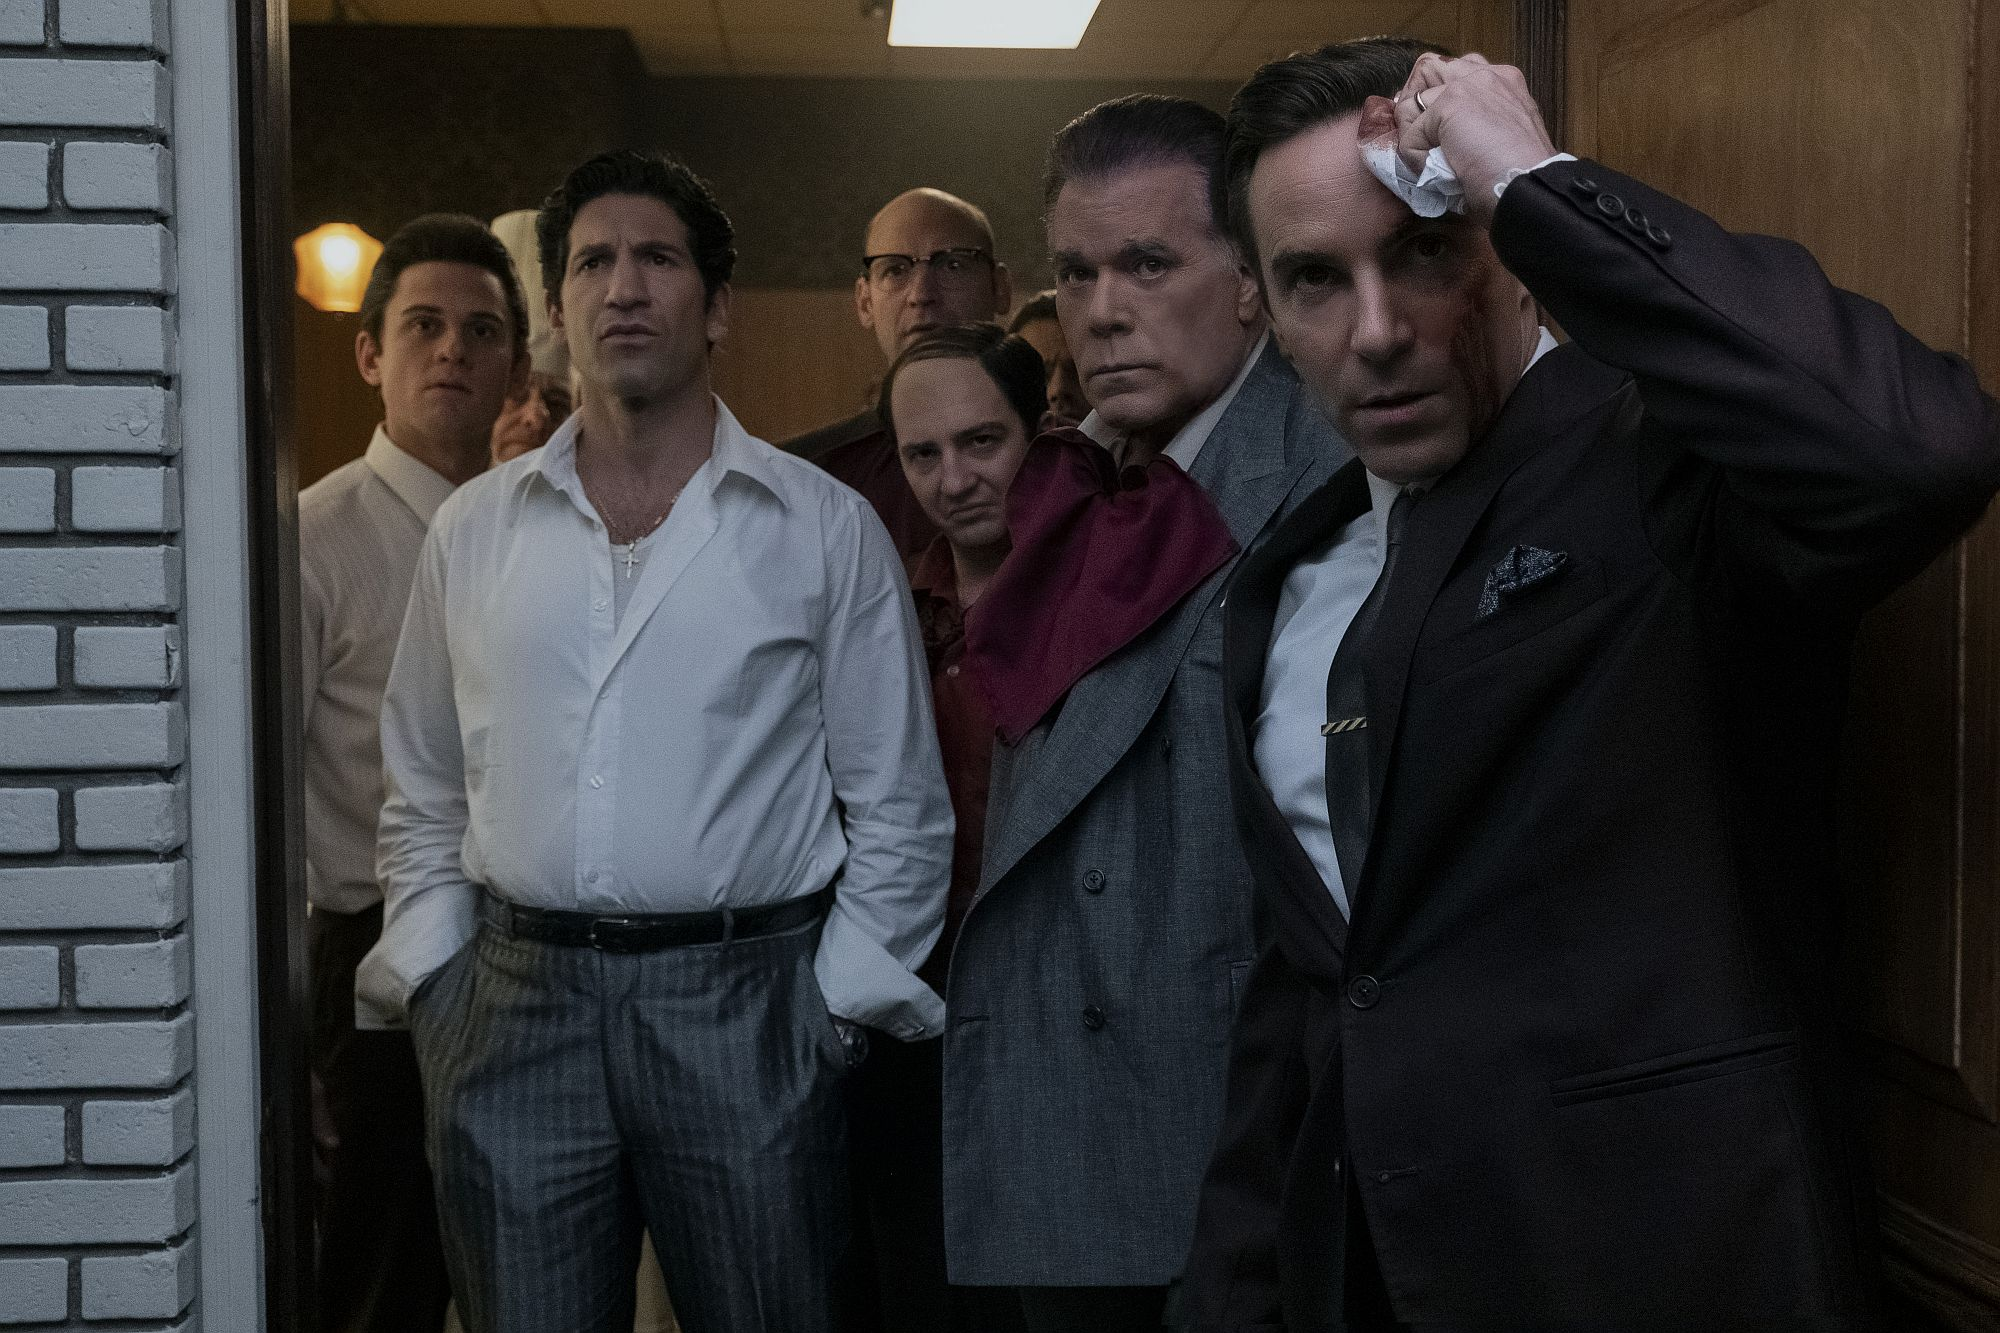 "(L-r) BILLY MAGNUSSEN als Paulie Walnuts, JON BERNTHAL als Johnny Soprano, COREY STOLL als Junior Soprano (im Hintergrung), JOHN MAGARO als Silvio Dante, RAY LIOTTA als ""Hollywood Dick"" Moltisanti und ALESSANDRO NIVOLA als Dickie Moltisanti."
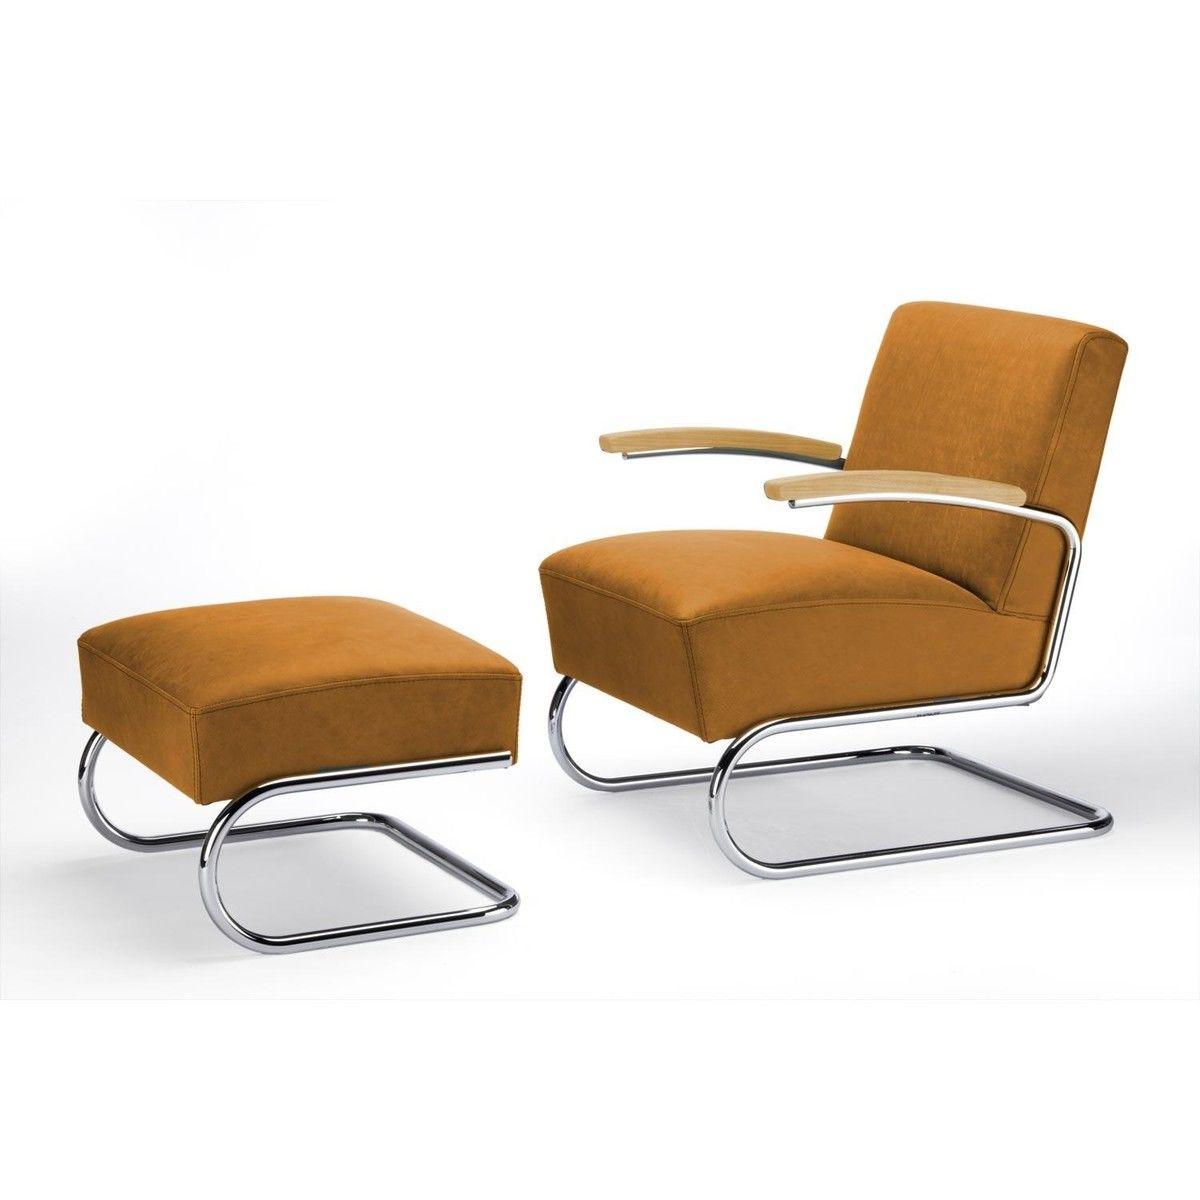 Sessel mit hocker modern m belideen for Sessel bunt mit hocker
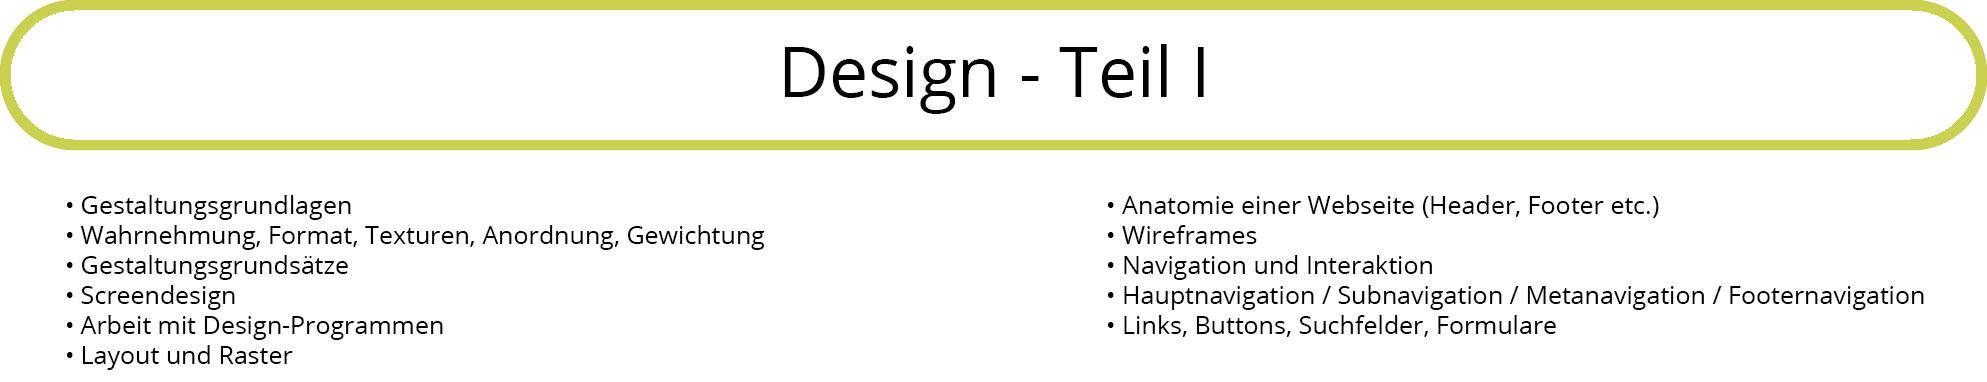 Webdesigner_Kurs_Ausbildung_Webseiten_Design_Agentur_13
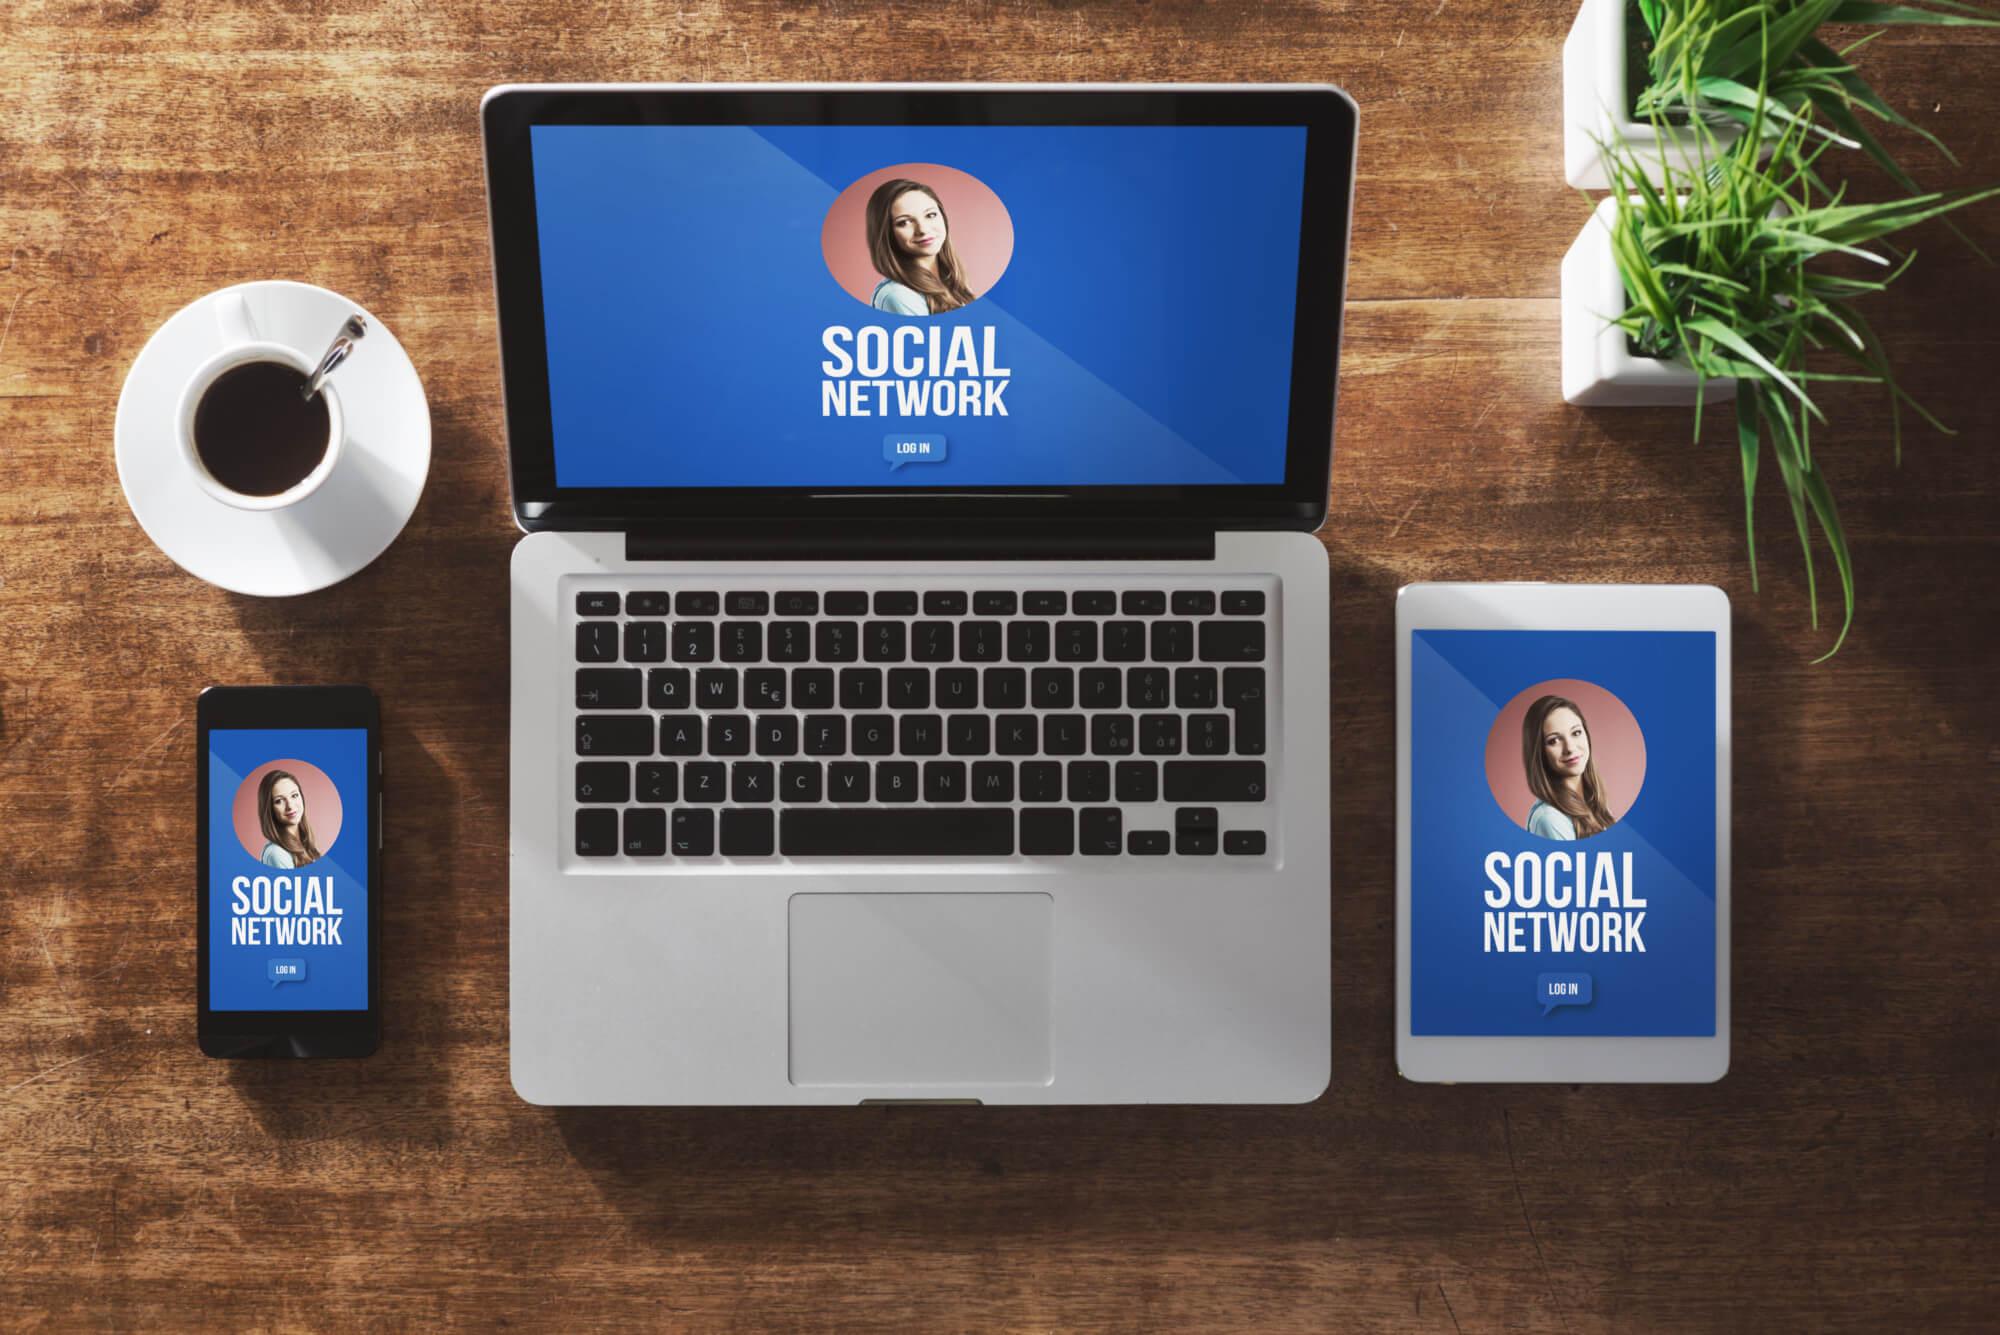 mortgage brokers using social media

* ACTIVITY *
Make an exact printout of the listing above, omitting the images.

* WRITTEN REPLY *
 "(L-r) BILLY MAGNUSSEN als Paulie Walnuts, JON BERNTHAL als Johnny Soprano, COREY STOLL als Junior Soprano (im Hintergrung), JOHN MAGARO als Silvio Dante, RAY LIOTTA als ""Hollywood Dick"" Moltisanti und ALESSANDRO NIVOLA als Dickie Moltisanti."
 Sessel mit hocker modern m belideen for Sessel bunt mit hocker
 Webdesigner_Kurs_Ausbildung_Webseiten_Design_Agentur_13
 mortgage brokers using social media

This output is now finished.